* **Problem to solve**: Keep the text of the data exactly as it is and omit each picture from the copy.

* **Given material**:
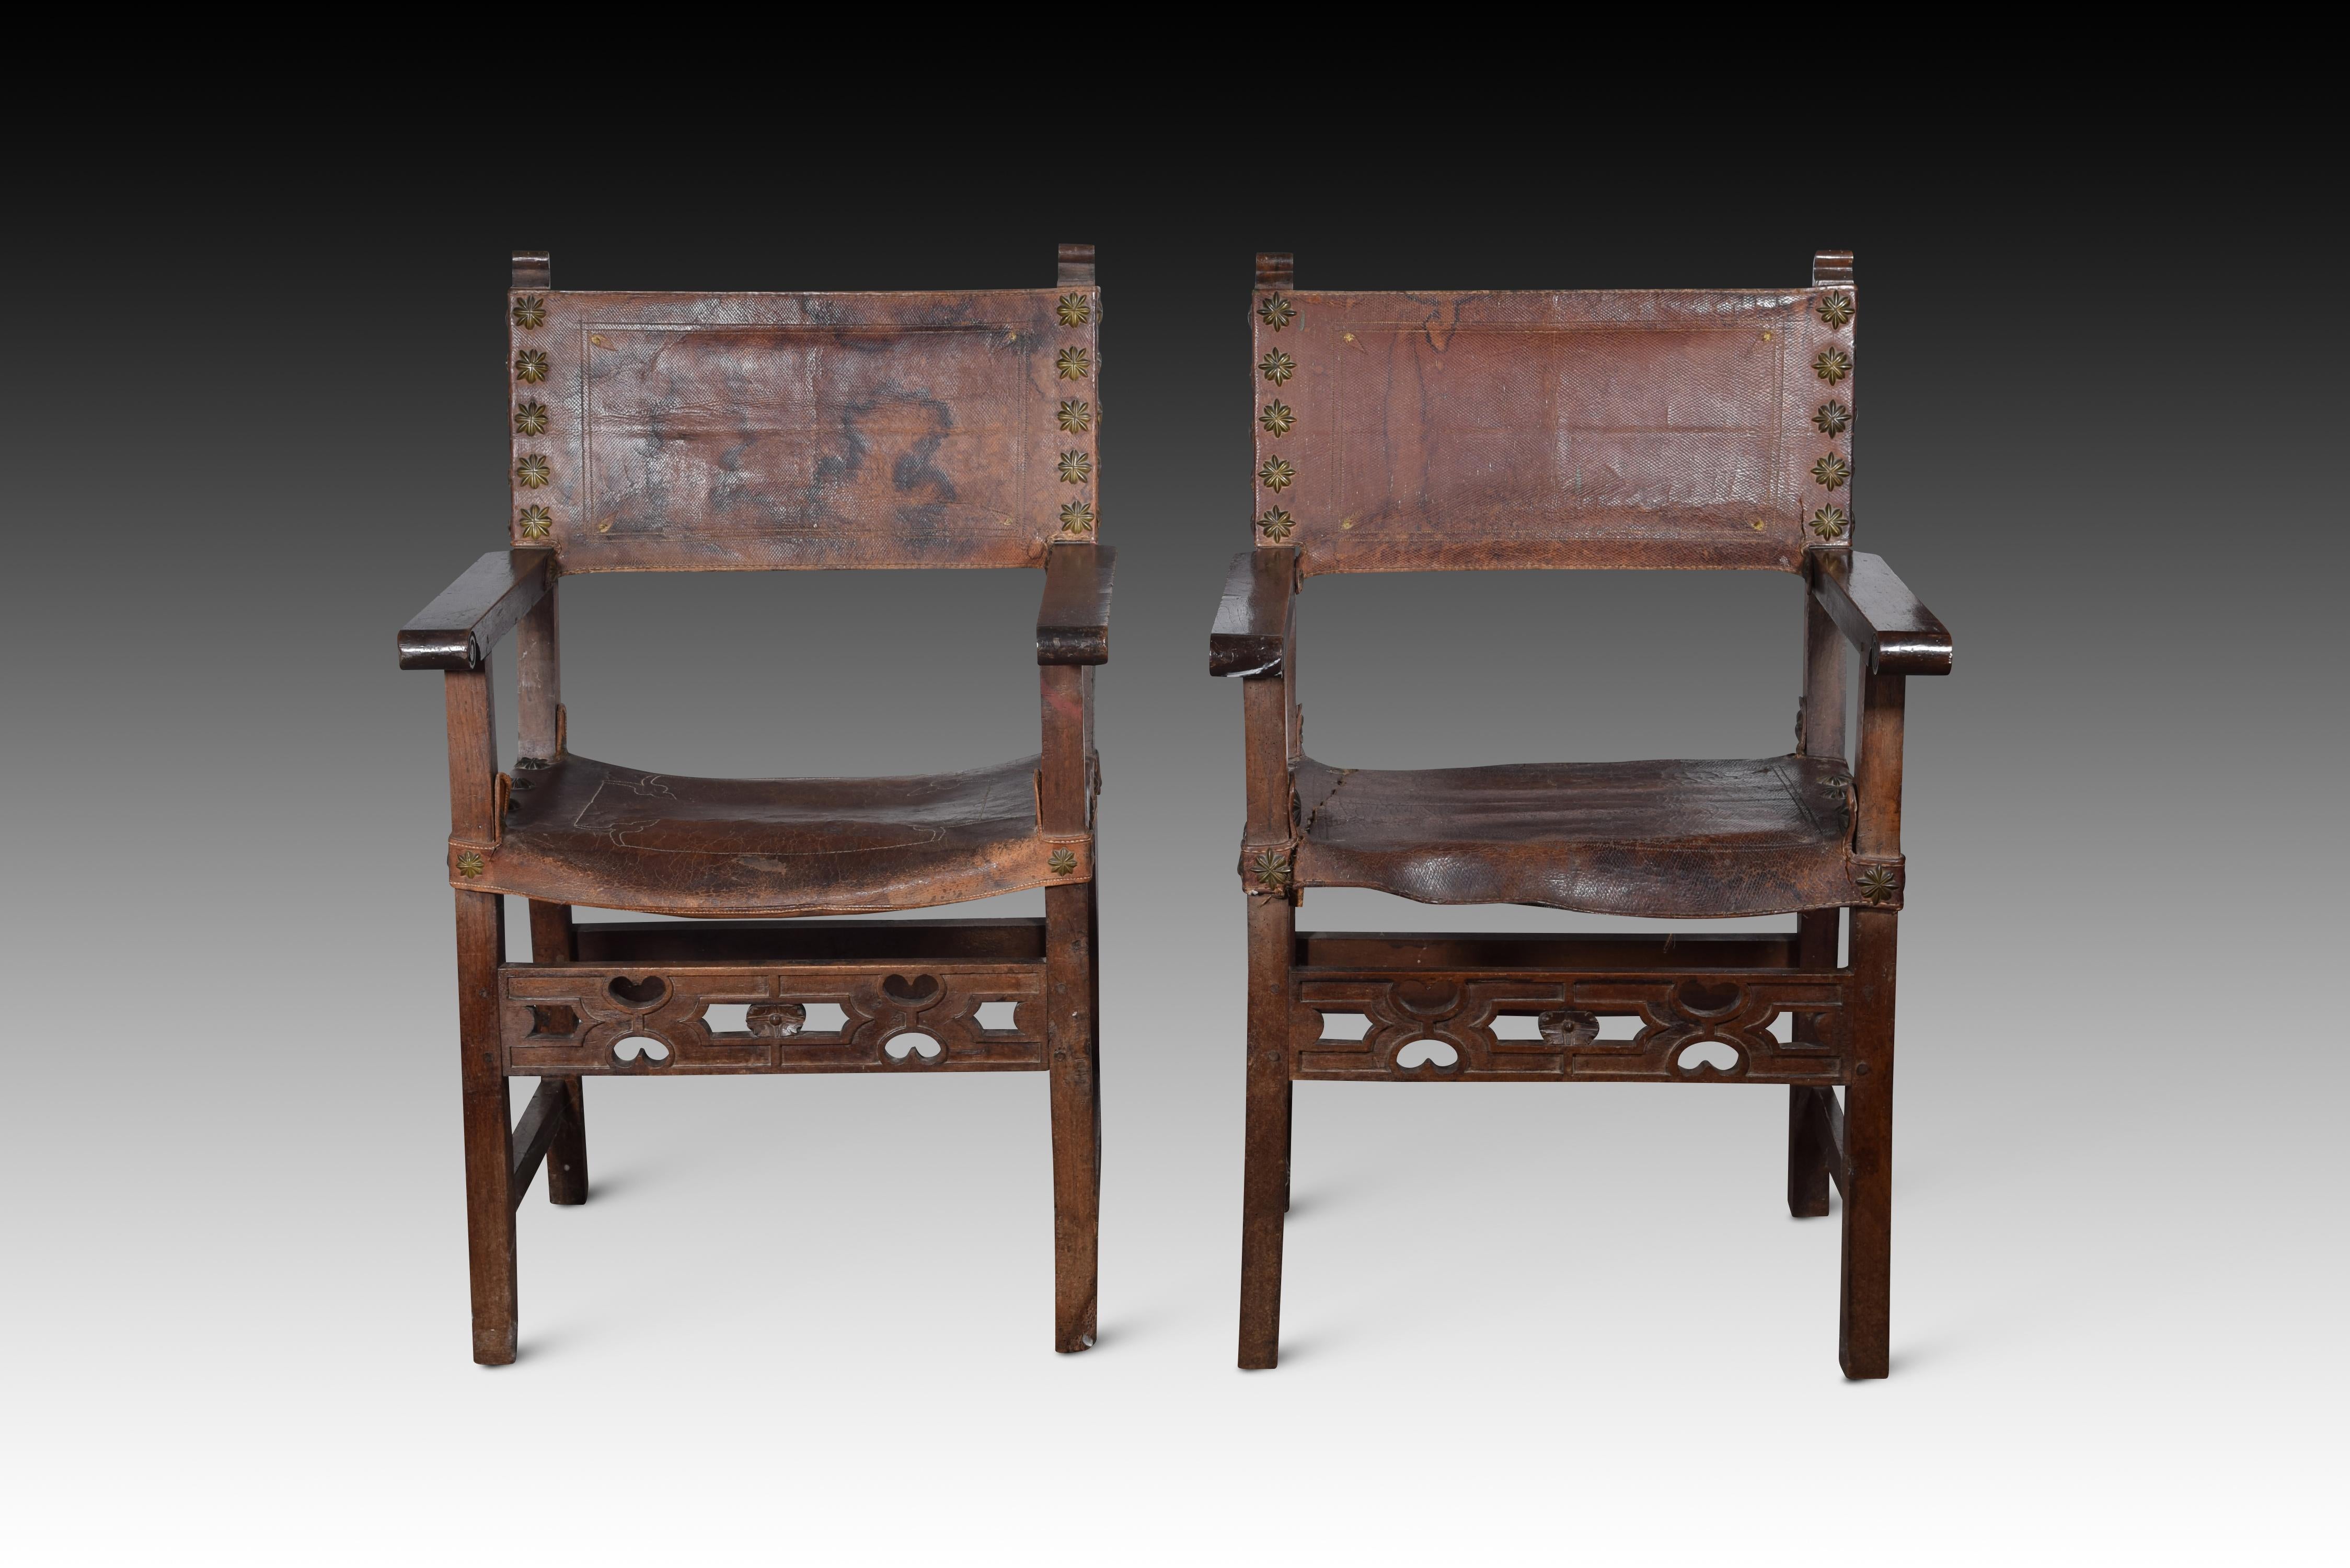 Pair of friar armchairs. Walnut wood, leather, metal. Spain, 17th century. 
Armchairs with arms and high backs of the type known as “frailero”, which have leather with studs on the seat and upper part of the back, low chambranas joining the front
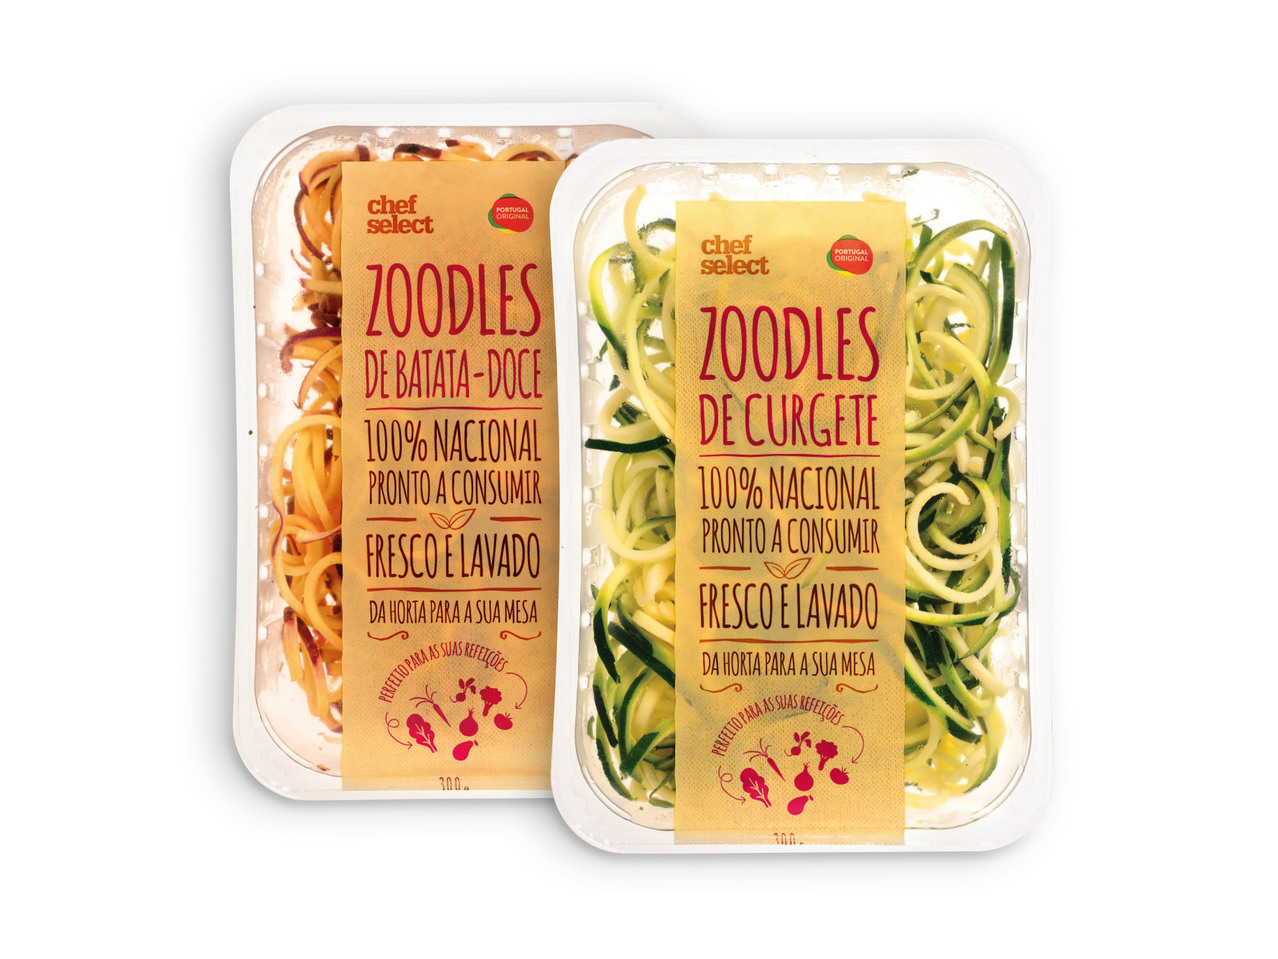 CHEF SELECT(R) Zoodles Curgete / Batata Doce
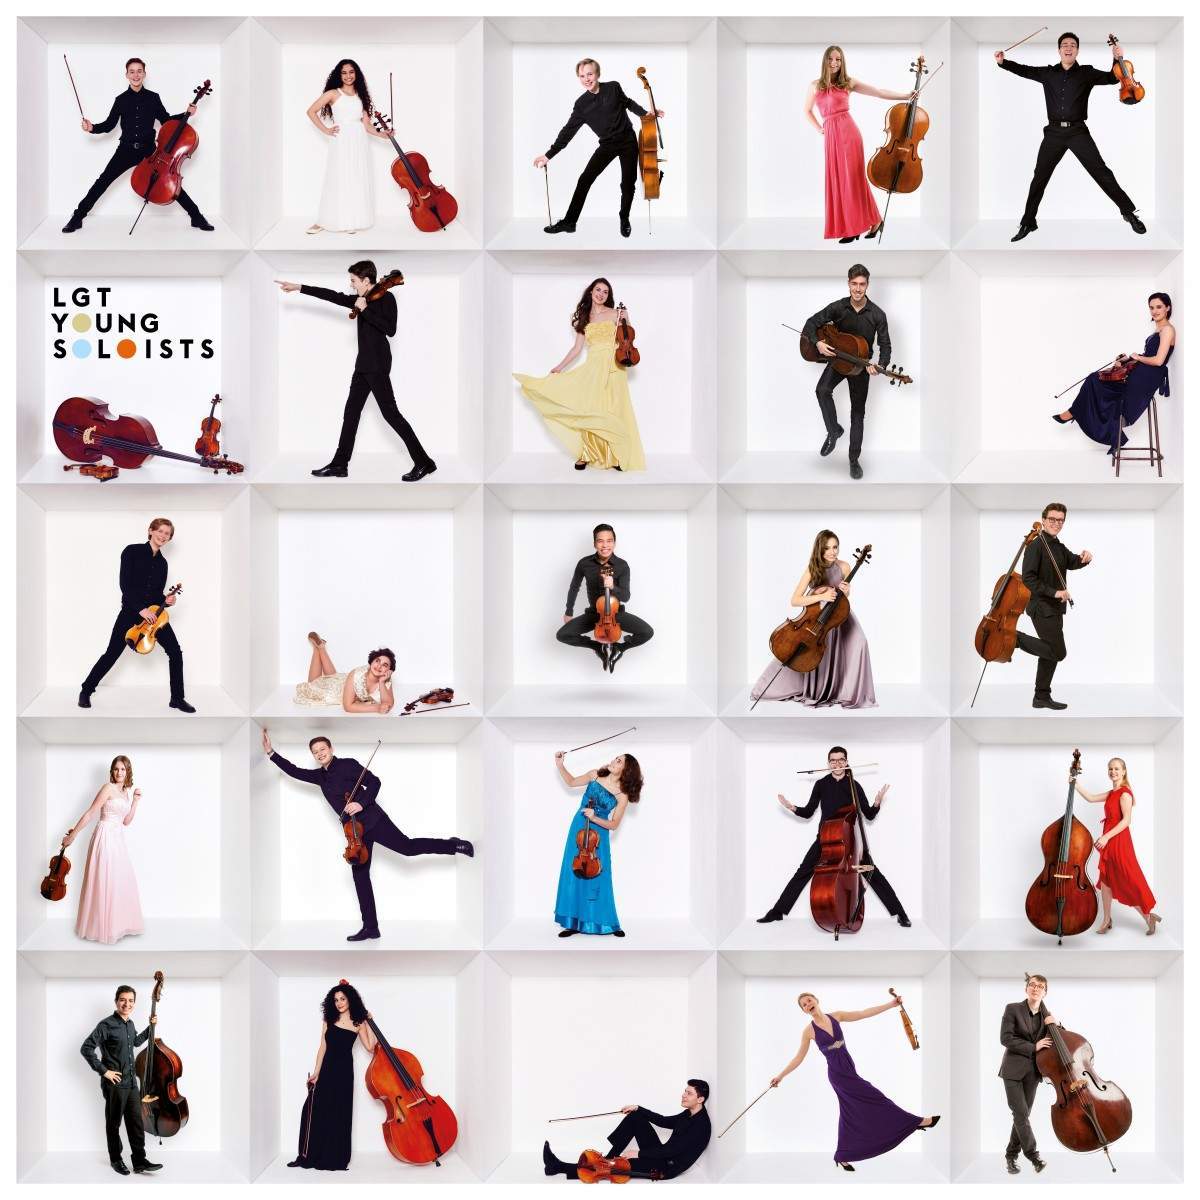 20200401_Young_Soloists_Square_%28002%29

* **Response**:
 Pair of friar armchairs. Walnut wood, leather, metal. Spain, 17th century. 
Armchairs with arms and high backs of the type known as “frailero”, which have leather with studs on the seat and upper part of the back, low chambranas joining the front
 CHEF SELECT(R) Zoodles Curgete / Batata Doce
 20200401_Young_Soloists_Square_%28002%29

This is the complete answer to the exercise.